Cancer metastasis is the dissemination of a primary tumor to distant sites in the body, often resulting in the formation of many secondary tumor masses. The dissemination process often involves multiple steps, including tumor angiogenesis (the ingrowth of new capillary vessels that feed the growing tumor), intravasation (the migration of cancer cells into the blood stream), extravasation (attachment and escape of cancer cells out of the blood vessels at a distant site), and colonization at a distal tissue [1]. Even after primary tumor resections or a series of chemotherapeutic treatments, cancer metastasis can be lethal and is responsible for 90% of deaths in cancer patients [2].

Animal models have served as one of the primary tools for studying cancer metastasis [3]. Through technologies such as green fluorescent protein (GFP) transgene expression [4] and the development of spontaneous [5], experimental [6], and transgenic mouse metastasis models [7], we have been able to not only track the cancer cells in vivo but also identify key genes for metastatic progression. Although these in vivo studies provide physiologically relevant perspectives on tumor pathology, the inability to isolate the many interacting parameters that probably participate in metastasis in animal models presents disadvantages in identifying clear mechanisms.

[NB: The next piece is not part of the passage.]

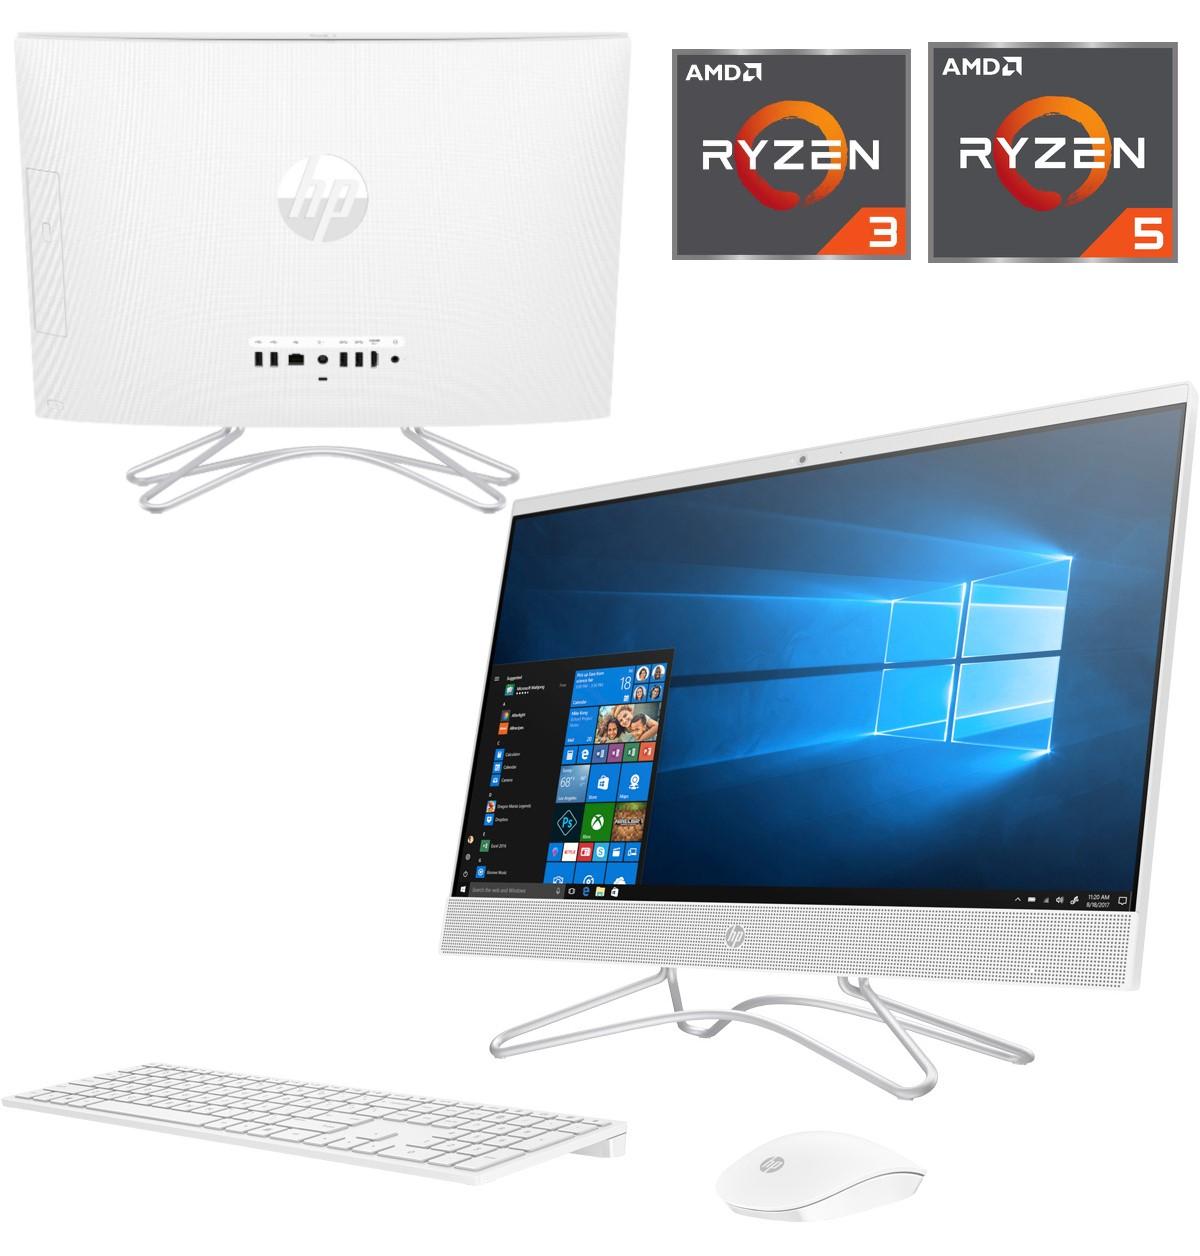 "All in One HP 24"" FHD IPS, AMD Ryzen 3 3200U, 8 GB, 512 GB SSD / R5 3500U a 519€"

Metastasis is a complex and dynamic process, influenced by the multiple local tissue microenvironments the cancer cells experience as they transit through the body and involving cross-communication amongst several cell types [8]. These multiple parameters are intimately coordinated, which make it hard to study how each parameter contributes to metastasis using traditional in vivo models. Therefore, there has been a growing interest in developing biomimetic in vitro systems that can (1) recapitulate the key parameters that affect tumor progression (e.g., oxygen tension, nutrient gradients, and tissue stiffness) and (2) provide the flexibility to decouple these parameters in experimental settings.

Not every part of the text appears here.